In Wagnerism: Art and Politics in the Shadow of Music,New Yorker music critic Alex Ross readily points out that Monteverdi, Bach, and Beethoven have each had an impact on music as great or even greater than Richard Wagner’s. The nineteenth-century German composer’s “effect on neighboring arts was, however, unprecedented,” writes Ross, “and it has not been equaled since, even in the popular arena.”
Reviewing Wagnerism for the New York Times, composer John Adams observes that the book “has its own ‘Wagnerian’ heft and ambitiousness of intent, being nothing less than a history of ideas that spans an arc from Nietzsche and George Eliot to Philip K. Dick, Apocalypse Now, and neo-Nazi skinheads.” In Bookforum,Geoffrey O’Brien calls Ross’s third book after The Rest Is Noise, a history of music in the twentieth century, and the essay collection Listen to This, “an aerial view of a culture’s nervous system as it responds to an unexpected stimulus.”
The word “encyclopedic” crops up in more than a few reviews—see Peter Conrad in the Observer, for example, or Tim Riley in the Los Angeles Review of Books, and at 4Columns, Geeta Dayal suggests that, while Wagnerism is “an important book,” it’s “also many books in one.” There’s just an awful lot of influence to map. In cinema and television alone, Wagner’s music can be heard on more than a thousand soundtracks, but “the Wagnerization of film,” as Ross puts it in a recent issue of the New Yorker, extends far beyond the composer’s IMDb credits. “Cinema’s integration of image, word, and music promised a fulfillment of [Wagner’s] idea of the Gesamtkunstwerk, or ‘total work of art,’” writes Ross. “His informal system of assigning leitmotifs to characters and themes became a defining trait of film scores. And Hollywood has drawn repeatedly from Wagner’s gallery of mythic archetypes: his gods, heroes, sorcerers, and questers.”
Embraced by Bolsheviks and Nazis alike, Wagner was a vortex of contradictions, “an anti-Semite and a racist who praised the Civil War as ‘the only war whose aim was humane’ for ending slavery and cheered the king of Zululand for defeating the British,” as Ashley Naftule notes at the A.V. Club. “Because of what Ross calls ‘the emphatic vagueness of his convictions,’ entire groups who would have good reason to dismiss Wagner could still claim him as one of their own.” Though he inspired figures as varied as Black activist and historian W. E. B. Du Bois, novelist Willa Cather, and architect Louis Sullivan, Wagner will nevertheless be indelibly marked by one association above all others.

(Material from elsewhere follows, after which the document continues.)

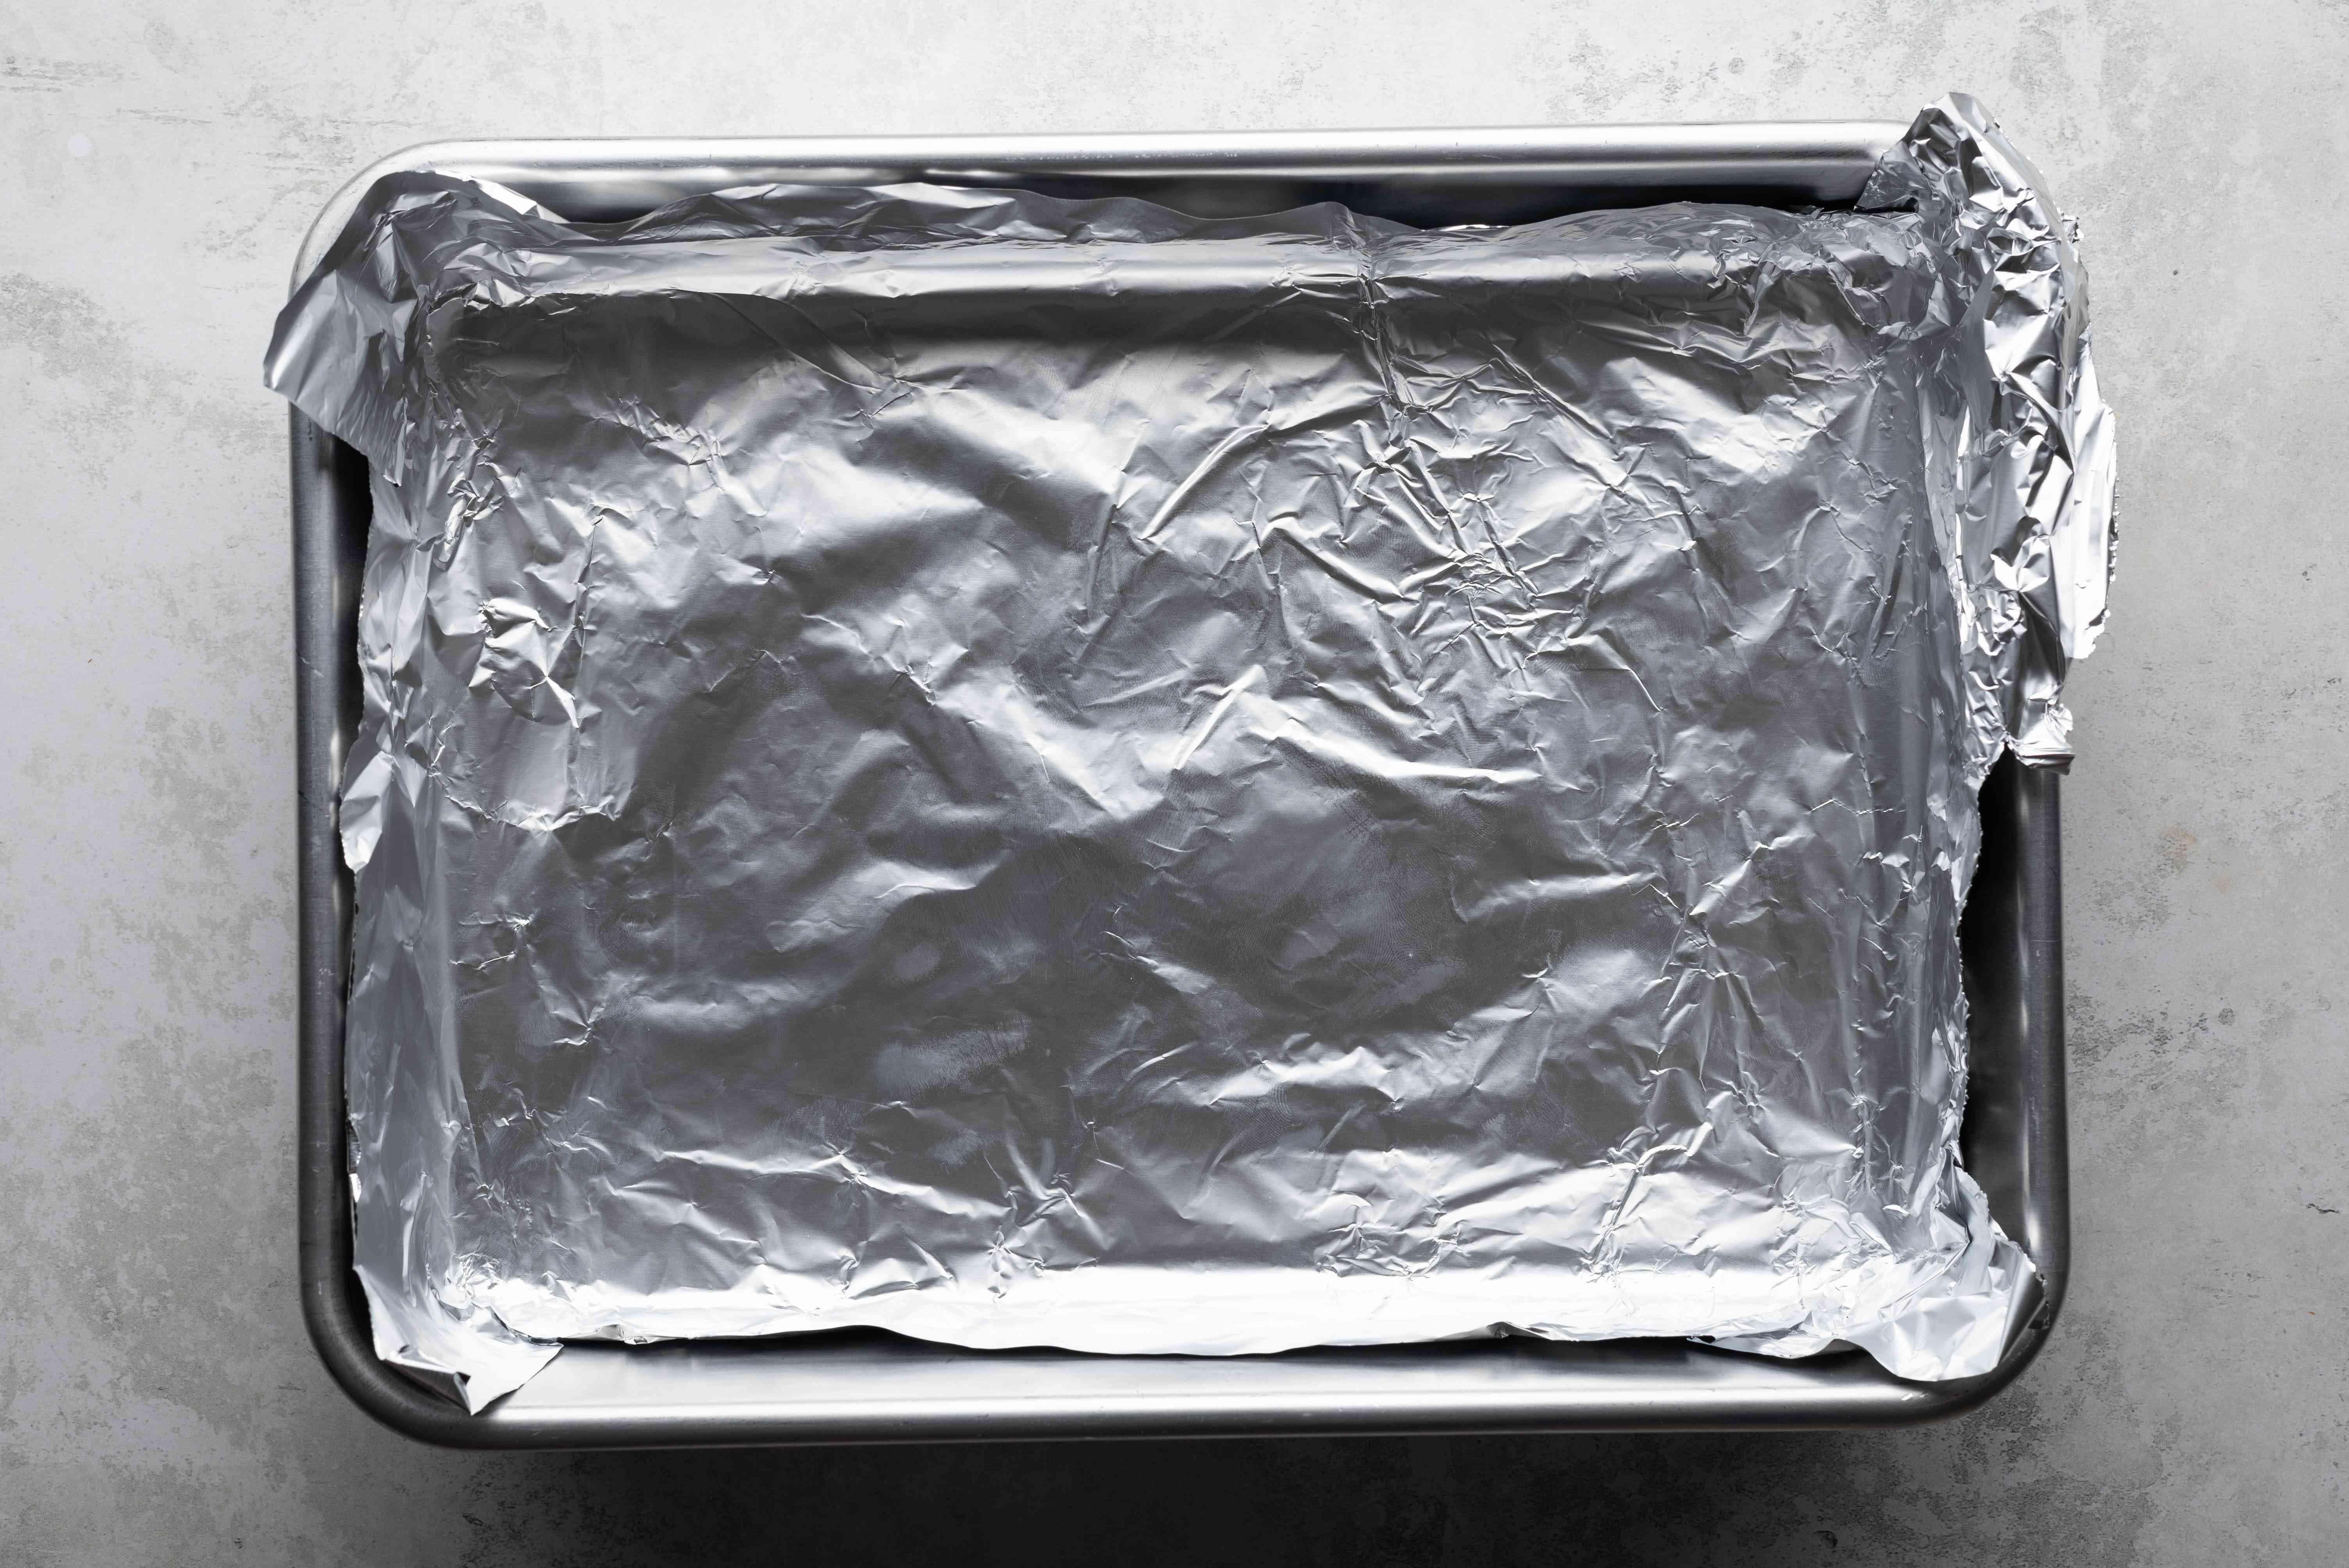 aluminum foil baking pan

In the New Republic,Adam Kirsch argues that “the deep compatibility between Wagnerism and Nazism reveals something essential about the composer that lovers of his music have no choice but to reckon with.” Ross’s reckoning leads to the argument that Wagner’s work is simply too multifarious, too great to cede to Hitler alone. “Instead of uniformly absolving or canceling Wagner,” writes Olivia Giovetti at Literary Hub, “Ross instead asks across 800 pages if we can hold the two impulses at the same time.”
Talking to Lindsay Pereira in the Observer, Ross suggests that “Wagnerism really ended as a worldwide phenomenon” after the Second World War. “Werner Herzog and Terrence Malick have made beautiful references to Wagner in their films, often focusing on the theme of the ruination of nature, which is a preoccupation of Wagner’s Ring cycle. The philosophers Alain Badiou and Slavoj Žižek have presented vigorous new interpretations of Wagner. So Wagnerism goes on, but more as a kind of underground.”